Investigating protein-protein interactions in live cells using bioluminescence resonance energy transfer.

作者信息

Deriziotis Pelagia, Graham Sarah A, Estruch Sara B, Fisher Simon E

机构信息

Language and Genetics Department, Max Planck Institute for Psycholinguistics.

Language and Genetics Department, Max Planck Institute for Psycholinguistics; Donders Institute for Brain, Cognition and Behaviour;

出版信息

J Vis Exp. 2014 May 26(87):51438. doi: 10.3791/51438.

Abstract

Assays based on Bioluminescence Resonance Energy Transfer (BRET) provide a sensitive and reliable means to monitor protein-protein interactions in live cells.

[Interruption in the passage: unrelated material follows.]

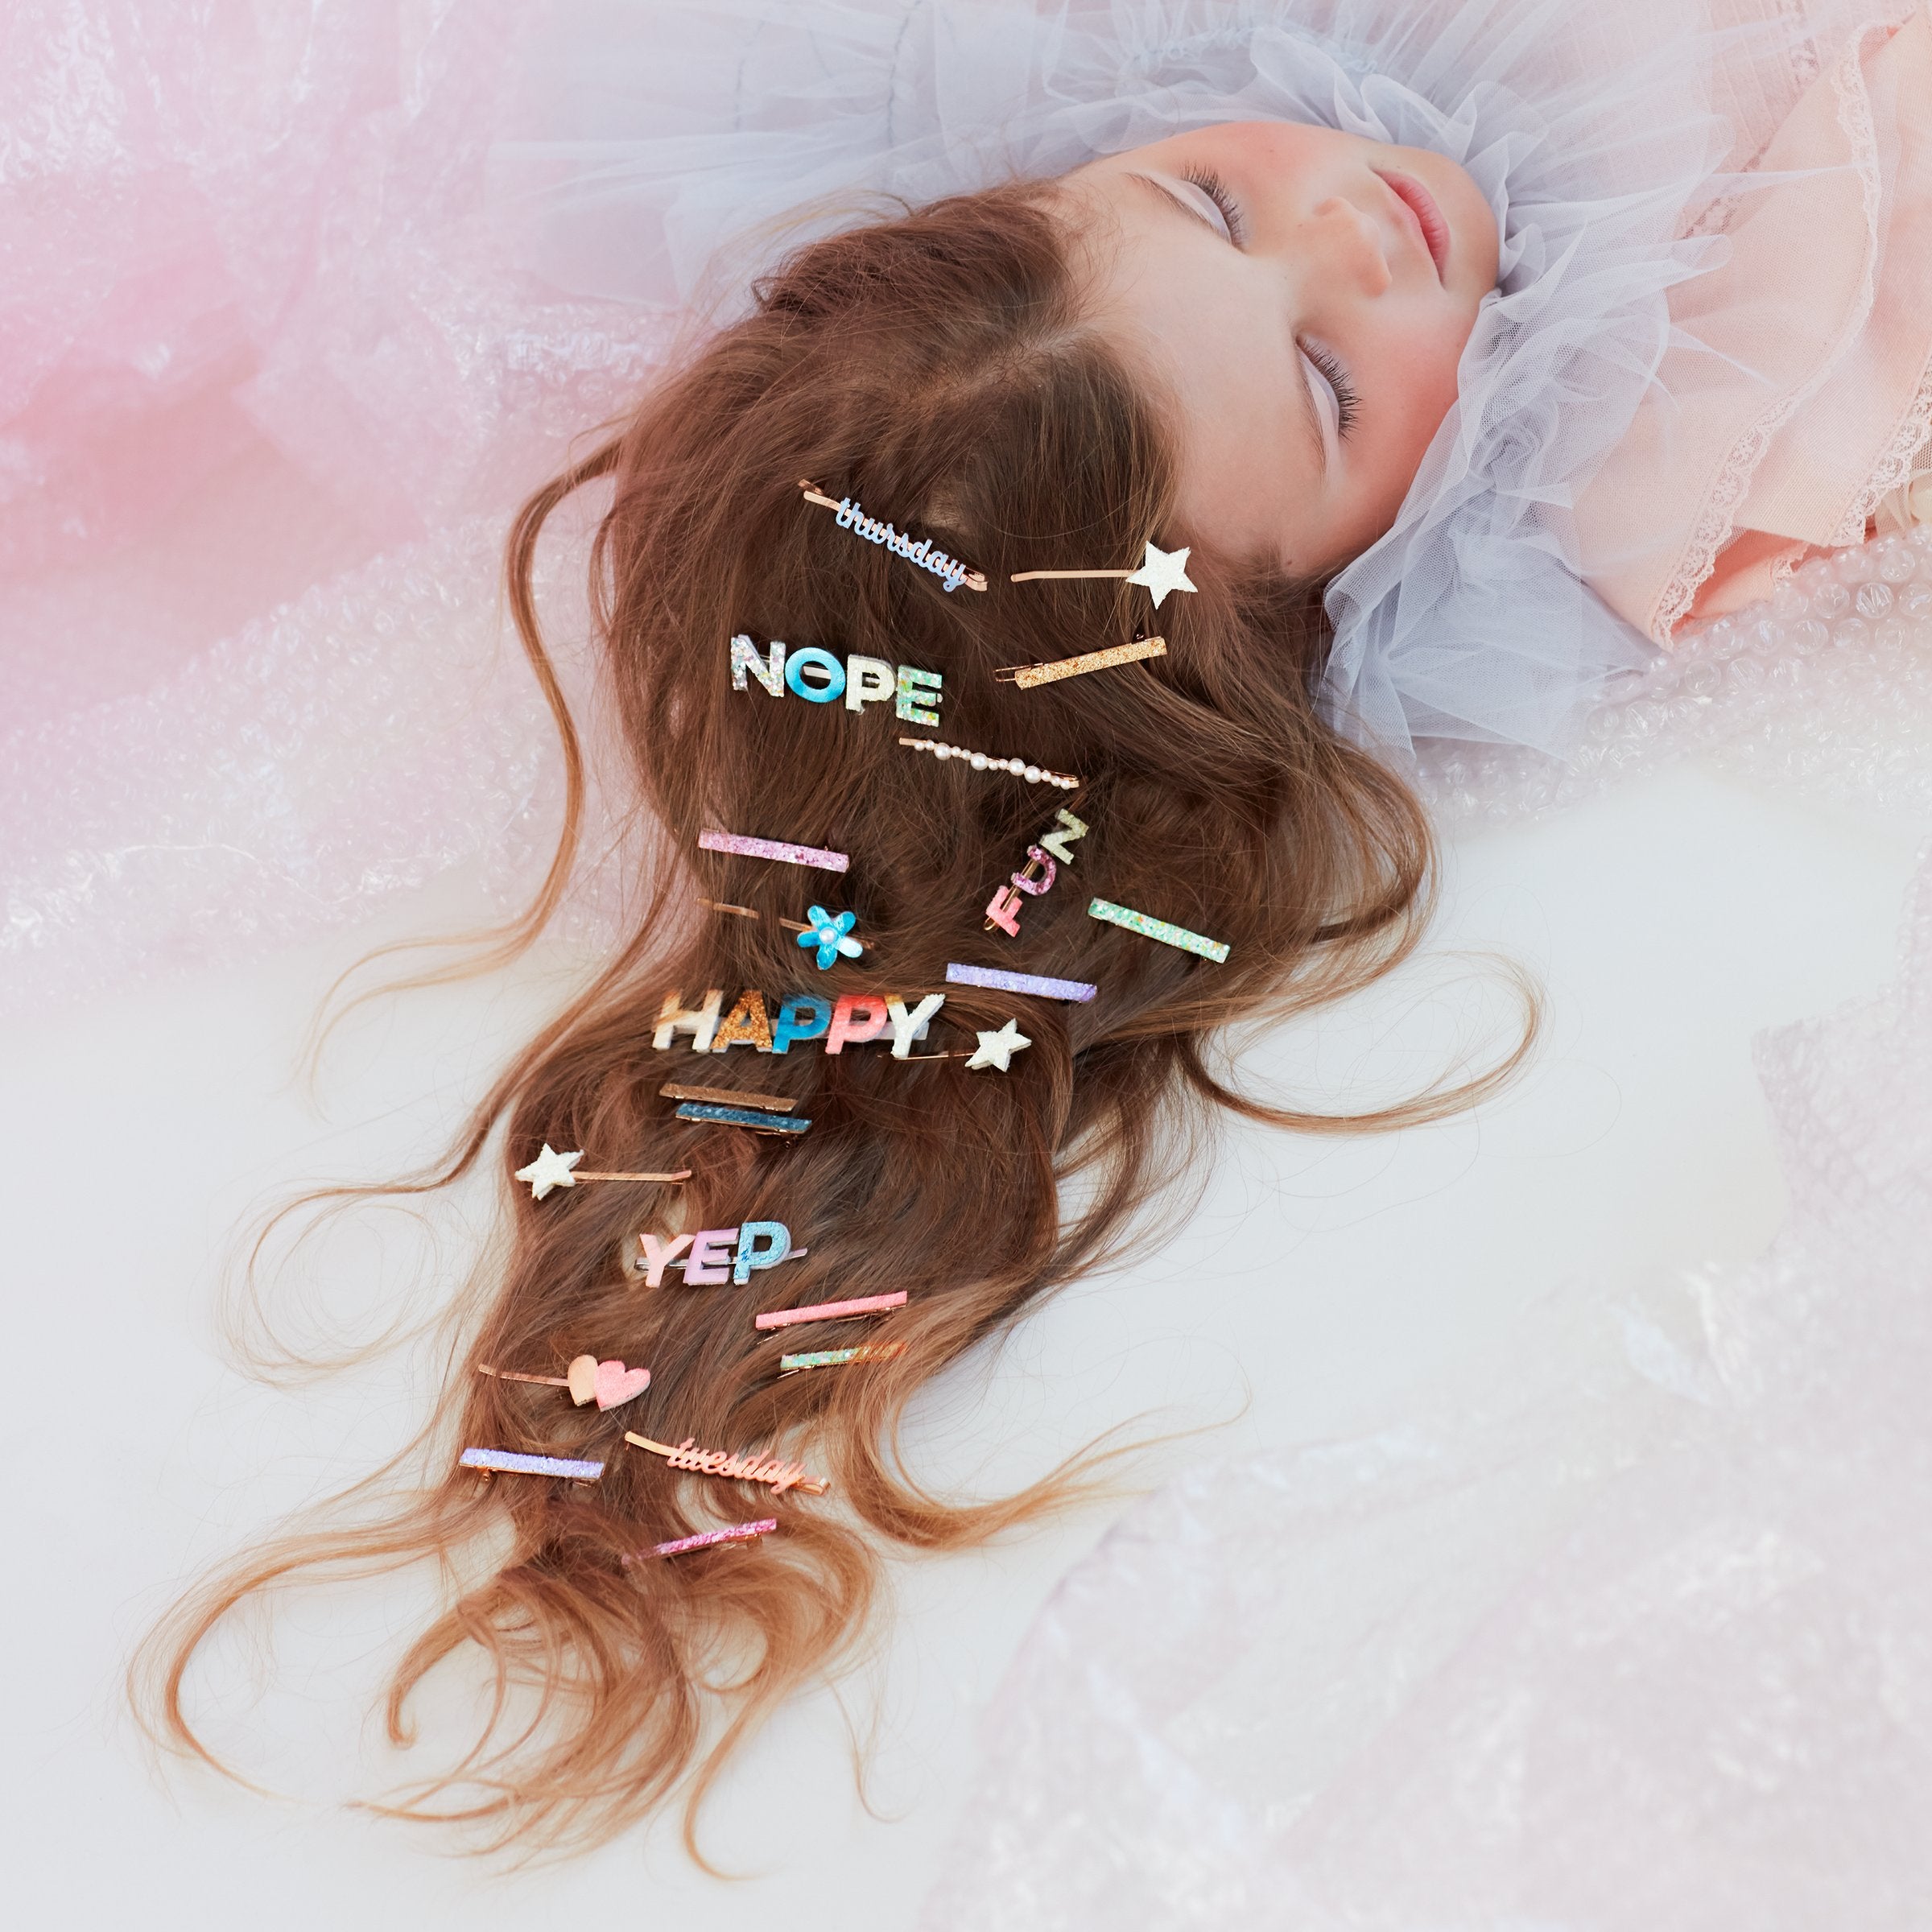 Get great party hair with our glitter hair accessories.

BRET is the non-radiative transfer of energy from a 'donor' luciferase enzyme to an 'acceptor' fluorescent protein. In the most common configuration of this assay, the donor is Renilla reniformis luciferase and the acceptor is Yellow Fluorescent Protein (YFP). Because the efficiency of energy transfer is strongly distance-dependent, observation of the BRET phenomenon requires that the donor and acceptor be in close proximity. To test for an interaction between two proteins of interest in cultured mammalian cells, one protein is expressed as a fusion with luciferase and the second as a fusion with YFP. An interaction between the two proteins of interest may bring the donor and acceptor sufficiently close for energy transfer to occur. Compared to other techniques for investigating protein-protein interactions, the BRET assay is sensitive, requires little hands-on time and few reagents, and is able to detect interactions which are weak, transient, or dependent on the biochemical environment found within a live cell. It is therefore an ideal approach for confirming putative interactions suggested by yeast two-hybrid or mass spectrometry proteomics studies, and in addition it is well-suited for mapping interacting regions, assessing the effect of post-translational modifications on protein-protein interactions, and evaluating the impact of mutations identified in patient DNA.

摘要

基于生物发光共振能量转移(BRET)的检测方法为监测活细胞中的蛋白质-蛋白质相互作用提供了一种灵敏且可靠的手段。BRET是能量从“供体”荧光素酶向“受体”荧光蛋白的非辐射转移。在该检测方法最常见的配置中,供体是海肾荧光素酶,受体是黄色荧光蛋白(YFP)。由于能量转移效率强烈依赖于距离,BRET现象的观察要求供体和受体紧密相邻。为了检测培养的哺乳动物细胞中两种感兴趣蛋白质之间的相互作用,一种蛋白质表达为与荧光素酶的融合蛋白,另一种表达为与YFP的融合蛋白。两种感兴趣蛋白质之间的相互作用可能使供体和受体足够接近,从而发生能量转移。与其他研究蛋白质-蛋白质相互作用的技术相比,BRET检测灵敏,所需的实际操作时间和试剂很少,并且能够检测弱的、短暂的或依赖于活细胞内生化环境的相互作用。因此,它是一种理想的方法,用于确认酵母双杂交或质谱蛋白质组学研究提出的假定相互作用,此外,它还非常适合绘制相互作用区域、评估翻译后修饰对蛋白质-蛋白质相互作用的影响以及评估患者DNA中鉴定出的突变的影响。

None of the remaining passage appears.